The motion of the plaintiff is directed against the entire answer as irrelevant, and not to the separate defenses severally. If, therefore, the answer puts in issue any material fact which the plaintiff was required to prove, the motion must fail.
The answer contains allegations which were clearly subject to a motion to make more definite and certain, but the indefiniteness, uncertainty, or insufficiency of an allegation or a defense does not make it irrelevant.

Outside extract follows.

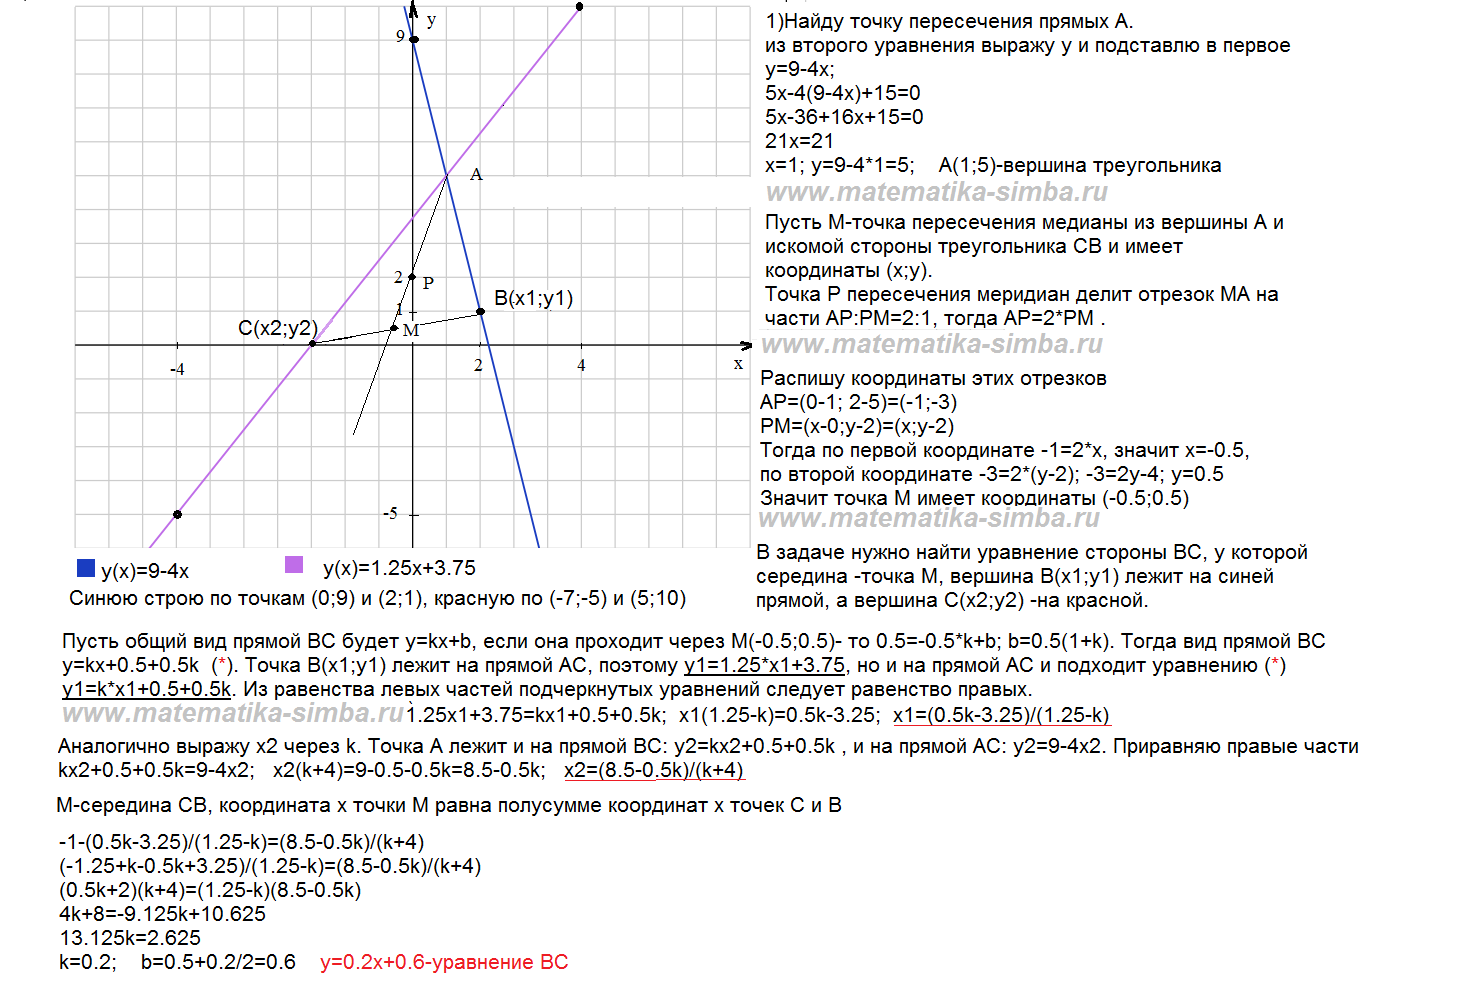 Даны уравнения высот треугольника. Уравнение сторон треугольника. Уравнения сторон треугольника по координатам его вершин. Составления уравнения сторон. Даны уравнения сторон треугольника.

The plaintiffs sue for damages on account of the defendant's breach of his renting contract. It was their duty to minimize their damages as far as they could reasonably do so. They recognize this obligation in the allegation that, after the defendant abandoned the premises, they advertised the place for rent and obtained as fair a rental as they could have done. The defendant denies these allegations and necessarily put the plaintiffs to proof of them. Other allegations of the complaint are put in issue by the answer, but this is sufficient to relieve it of the vice of irrelevancy as a whole.
The first defense, supposed to constitute a general denial, has not been considered for the reason that it is not in the proper form of a general denial. In some jurisdictions such form has been approved, but the trend of authority is a criticism of it. Bliss, Code Pl. § 331; 31 Cyc. 196. *Page 333
(3) As to the failure to state facts sufficient to constitute a defense: This is a matter which could be taken advantage of by a demurrer and not by a motion to strike. The point is conclusively settled by theGermofert Case above cited.

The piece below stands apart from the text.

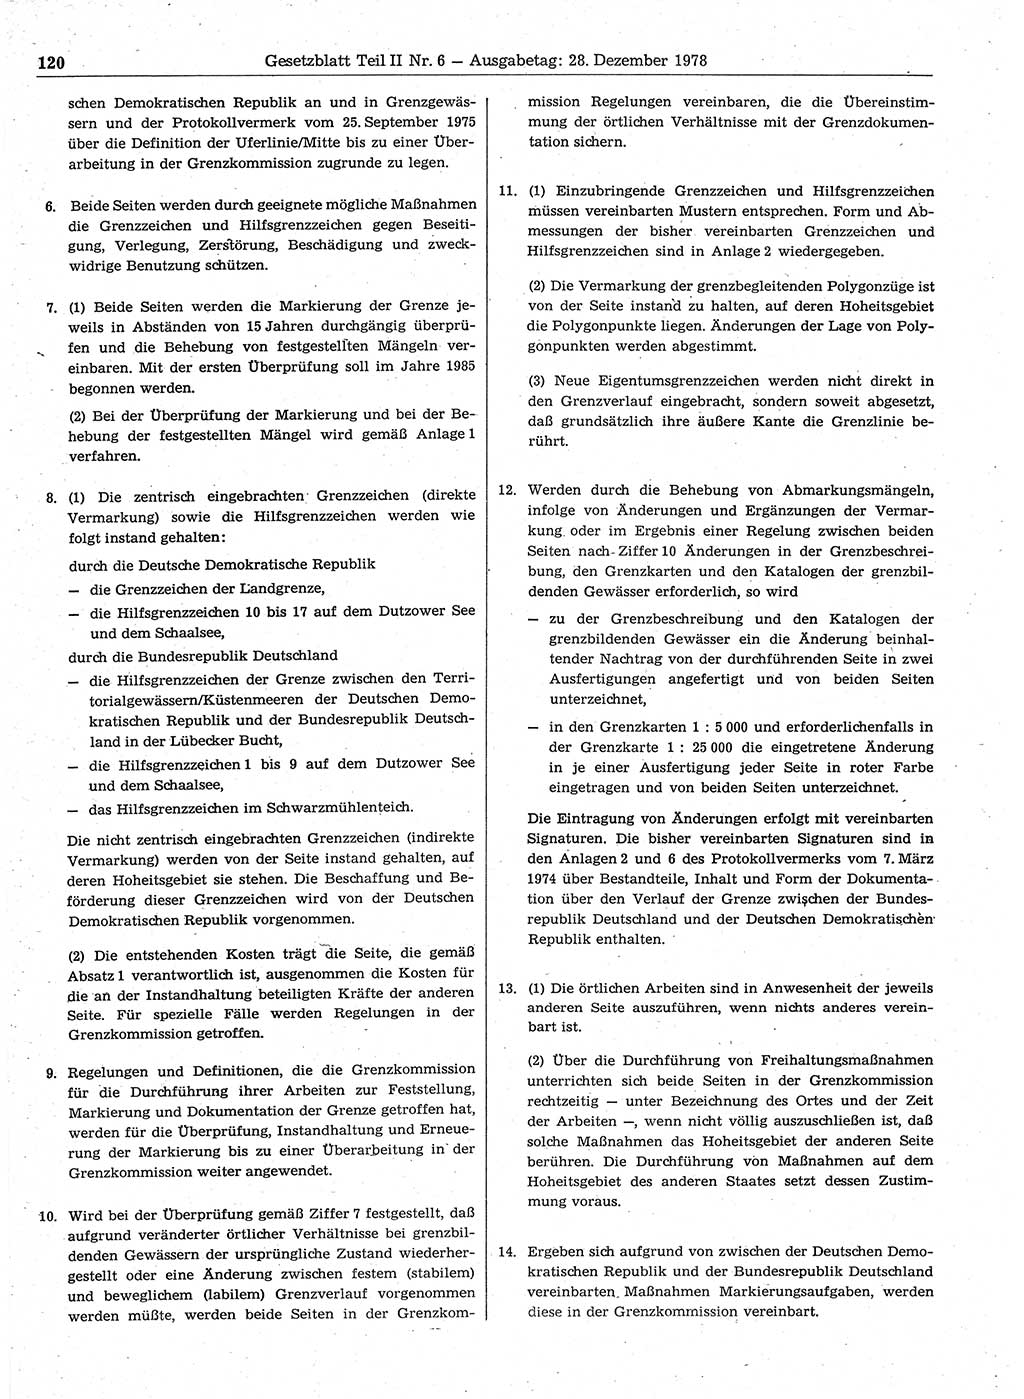 Gesetzblatt (GBl.) der Deutschen Demokratischen Republik (DDR) Teil ⅠⅠ 1978, Seite 120 (GBl. DDR ⅠⅠ 1978, S. 120)

II. Second, as to the order for judgment: Assuming the correctness of the order striking out the answer, the effect of it would have been the same if no answer had been served. The case should have then been transferred to calendar 3 (as was done in this case), and the same proceedings had as in an application for judgment by default, under Section 526 of the Code of Civil Procedure, in cases of unliquidated demands, as this was, by proof in open Court and the verdict of a jury.
The judgment of this Court is that the orders of the Circuit Court appealed from be reversed, and that the case be remanded to the Circuit Court for further proceedings not inconsistent with the conclusions herein announced, without prejudice to the right of the plaintiffs to move for an order making the answer more definite and certain, or to demur to the answer or to any of the alleged defenses therein set forth, as they may be advised.
MR. CHIEF JUSTICE WATTS, and MESSRS. JUSTICES STABLER and CARTER, and MR. ACTING ASSOCIATE JUSTICE WHITING, concur.